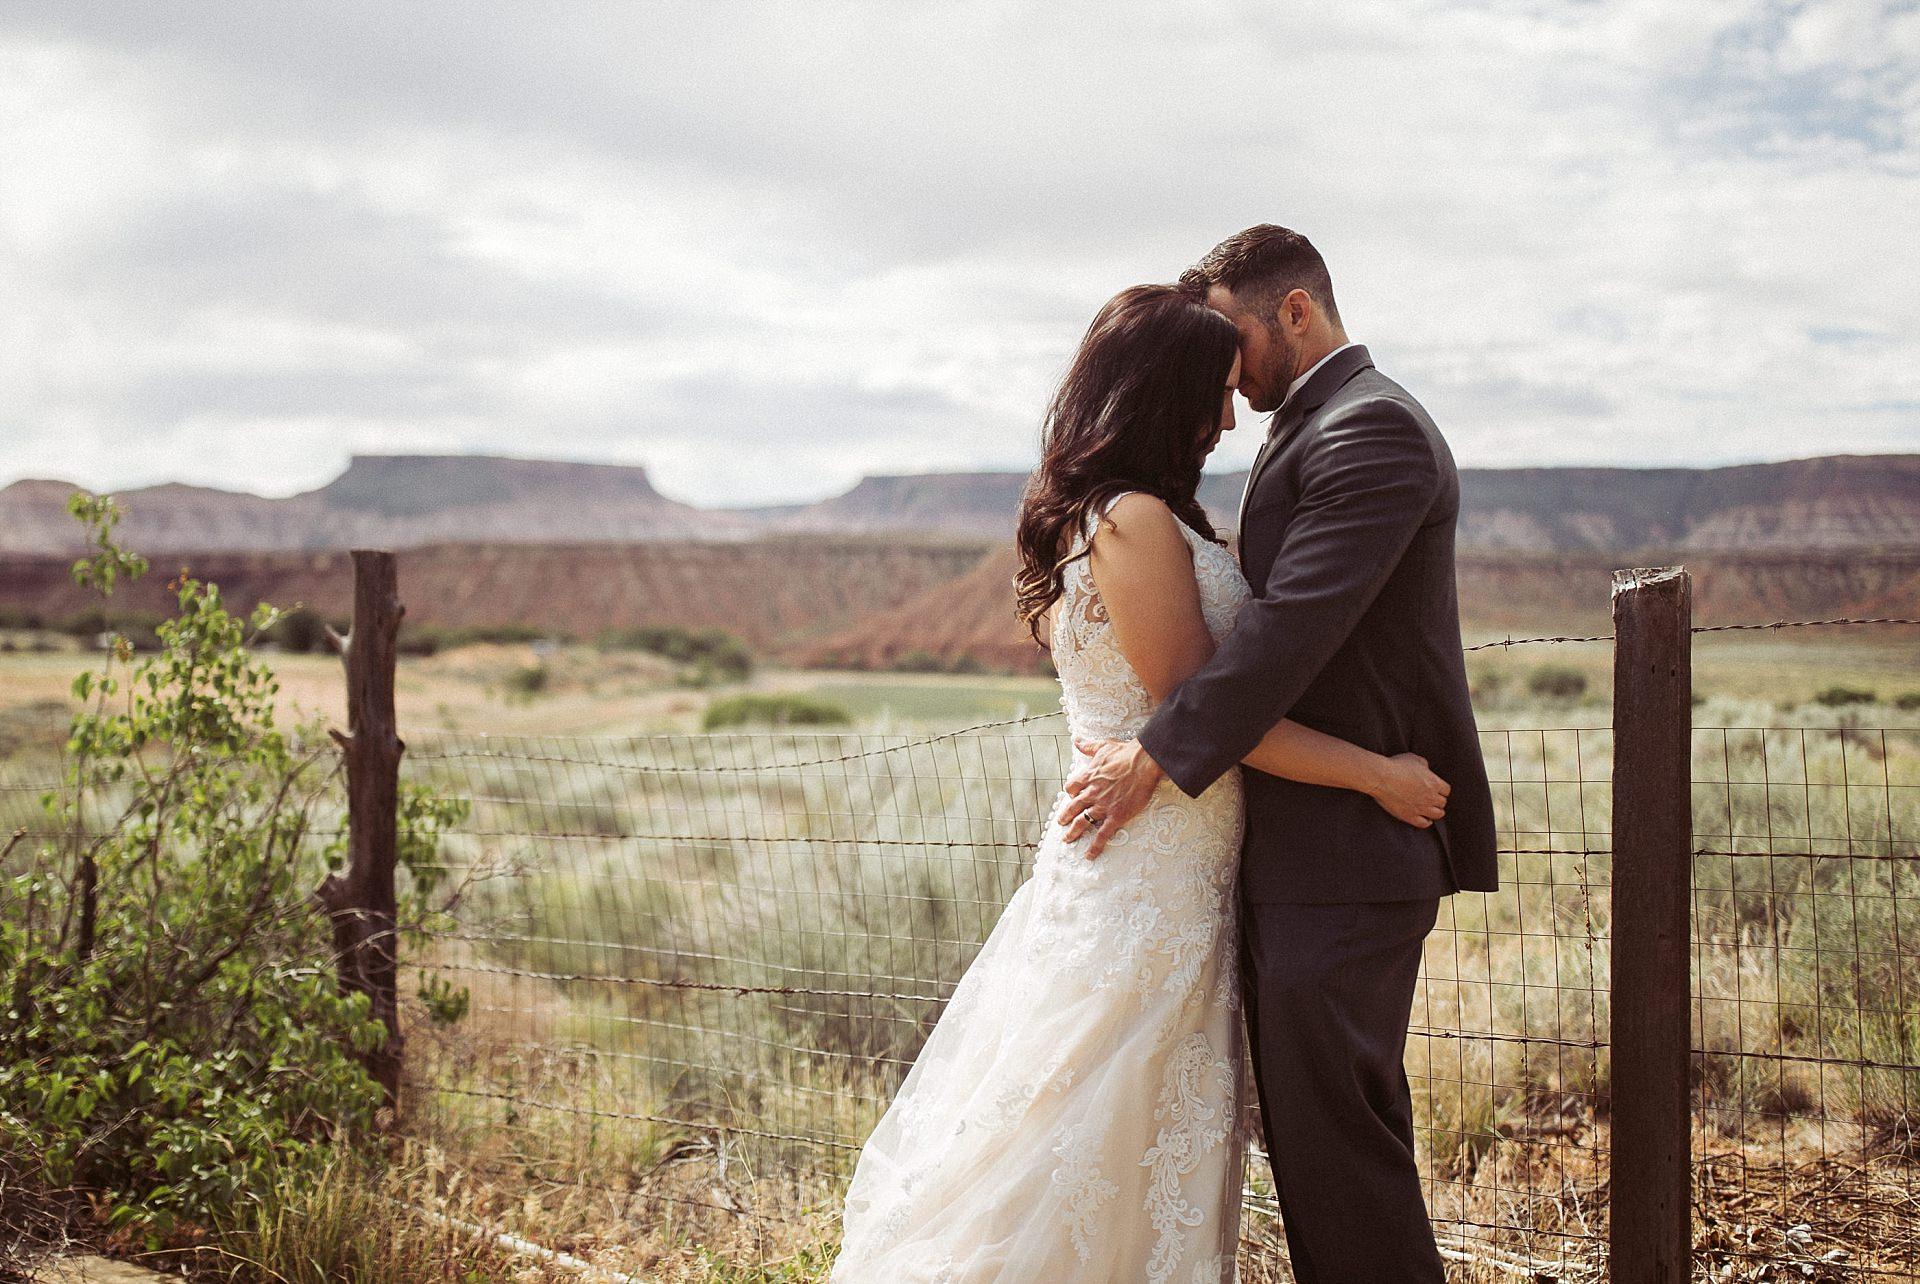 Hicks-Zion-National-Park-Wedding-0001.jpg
----------
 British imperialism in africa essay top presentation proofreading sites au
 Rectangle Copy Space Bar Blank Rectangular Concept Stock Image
----------
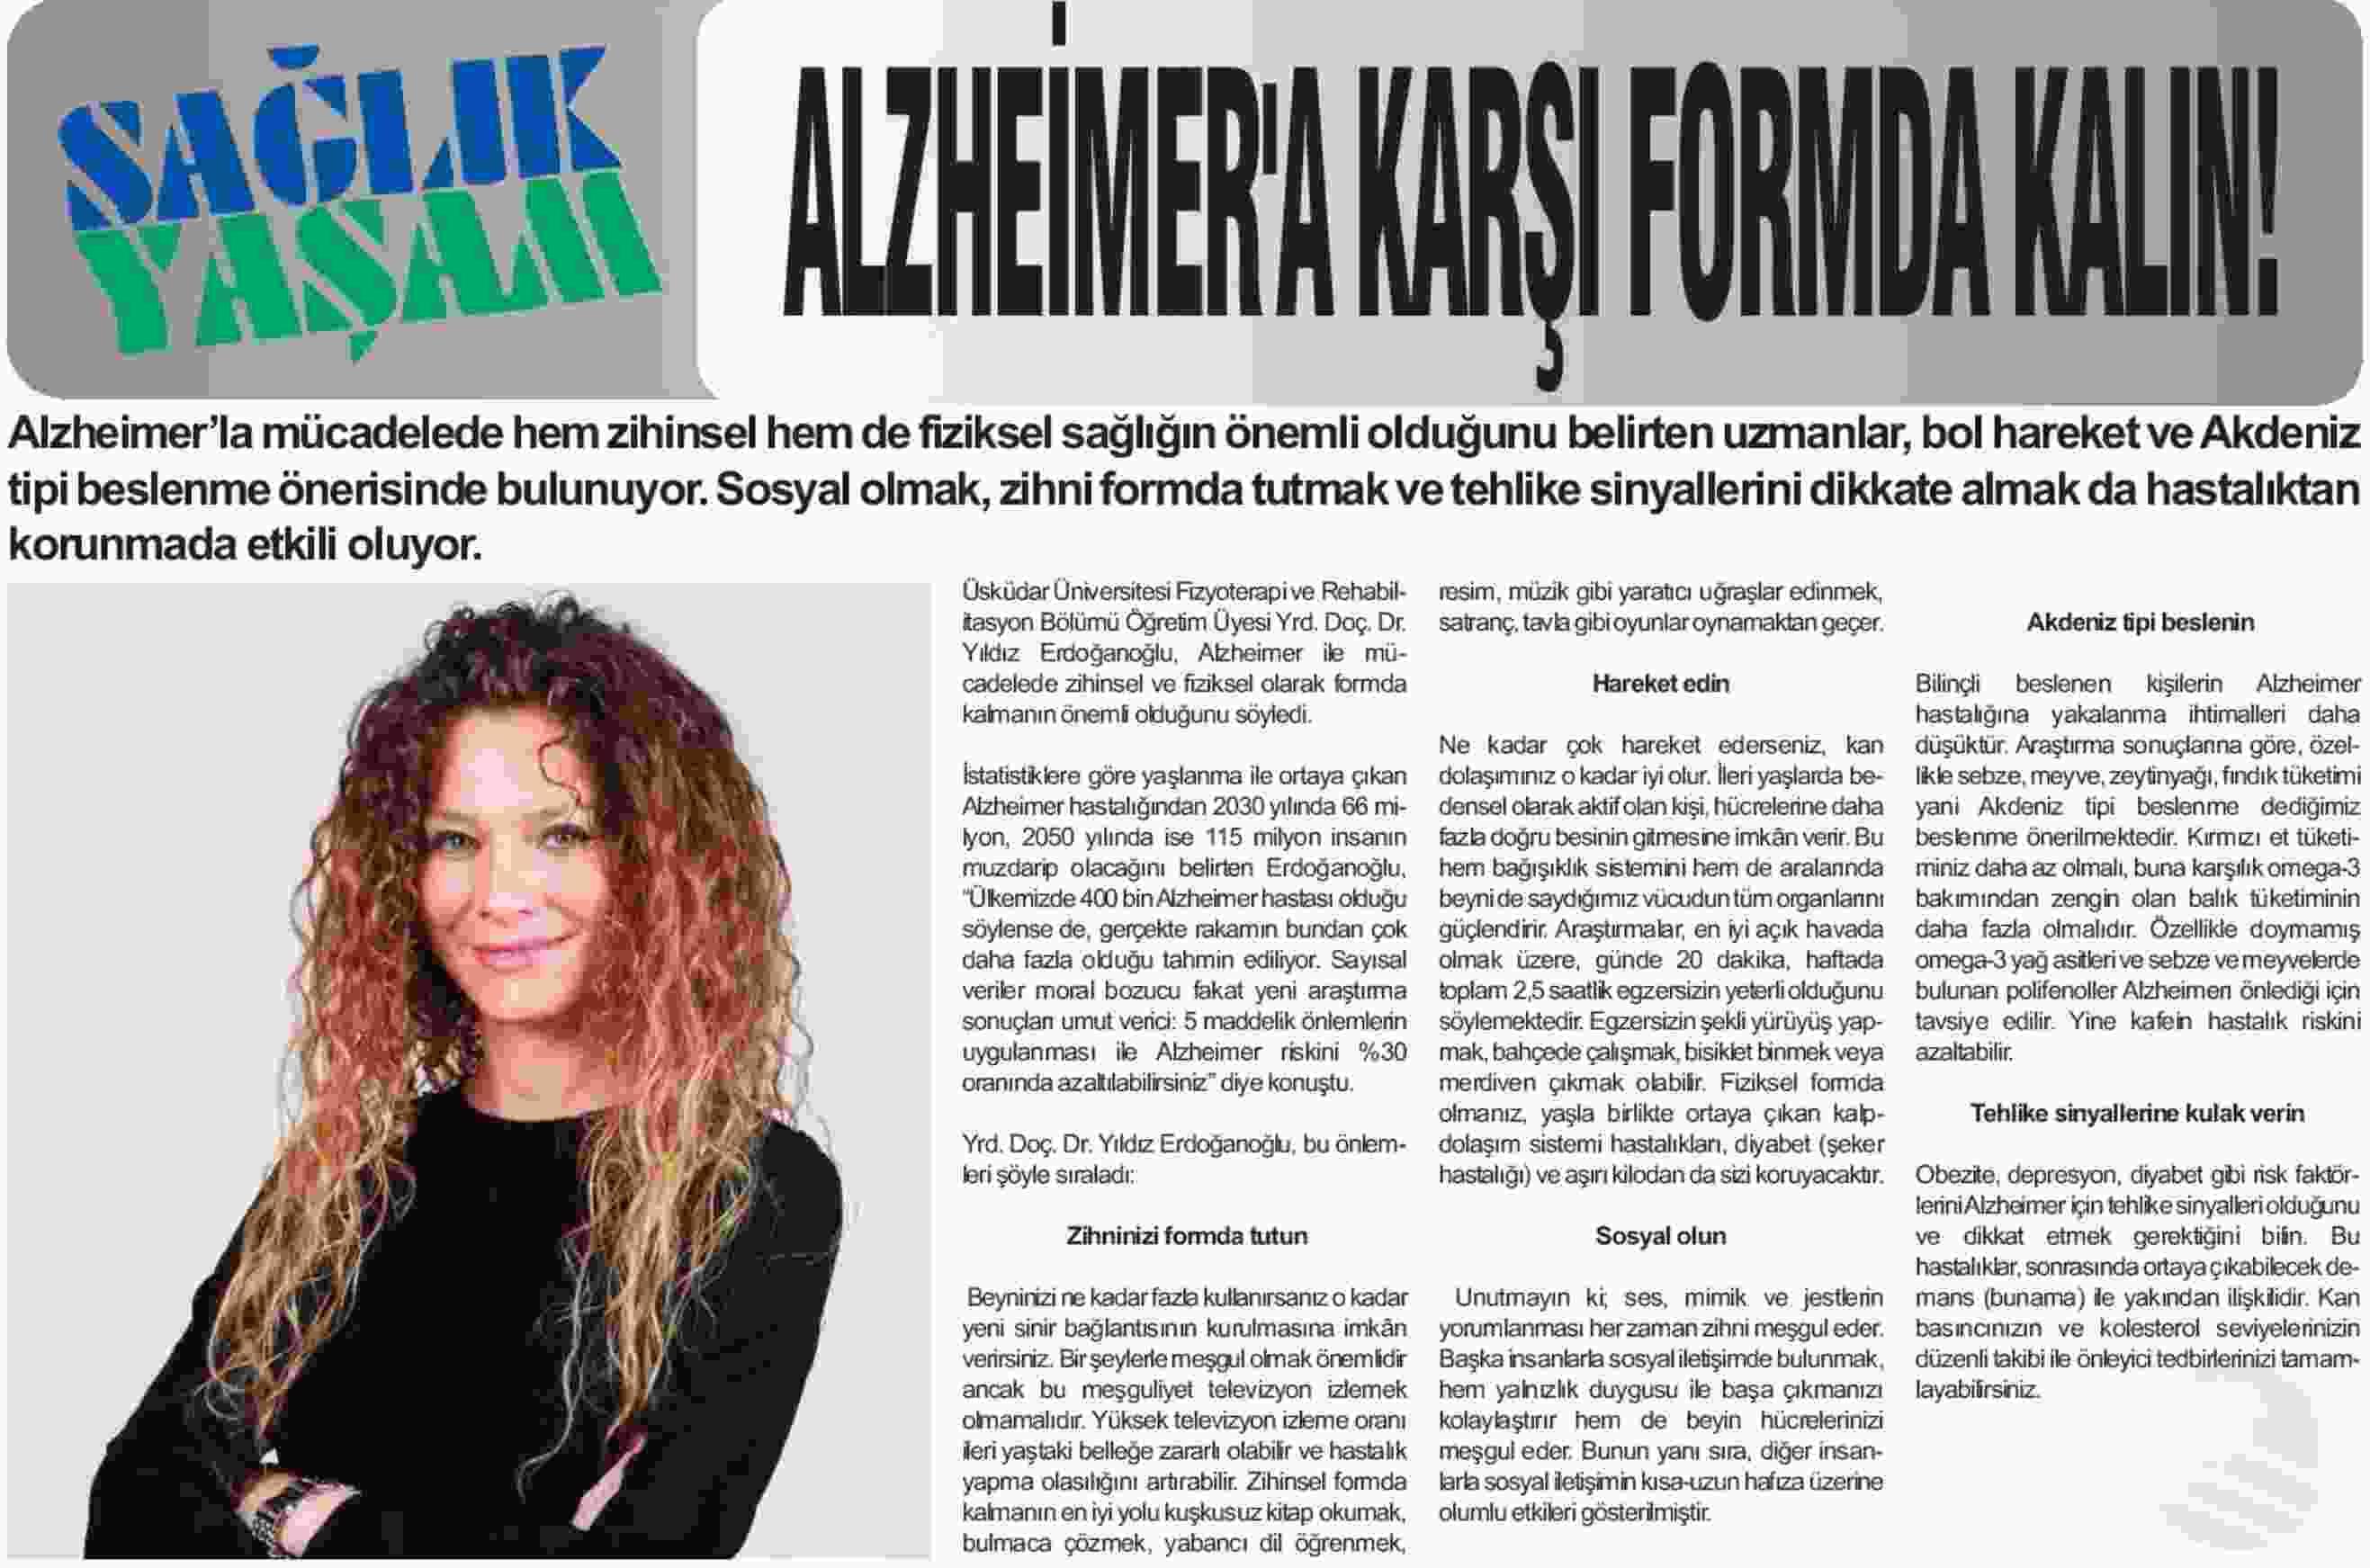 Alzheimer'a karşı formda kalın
----------
From the entries above, return exactly the line containing "British imperialism in", the line containing "Rectangle Copy Space", and all lines between, and nothing else.

OUTPUT OF THE TASK |
 British imperialism in africa essay top presentation proofreading sites au
 Rectangle Copy Space Bar Blank Rectangular Concept Stock Image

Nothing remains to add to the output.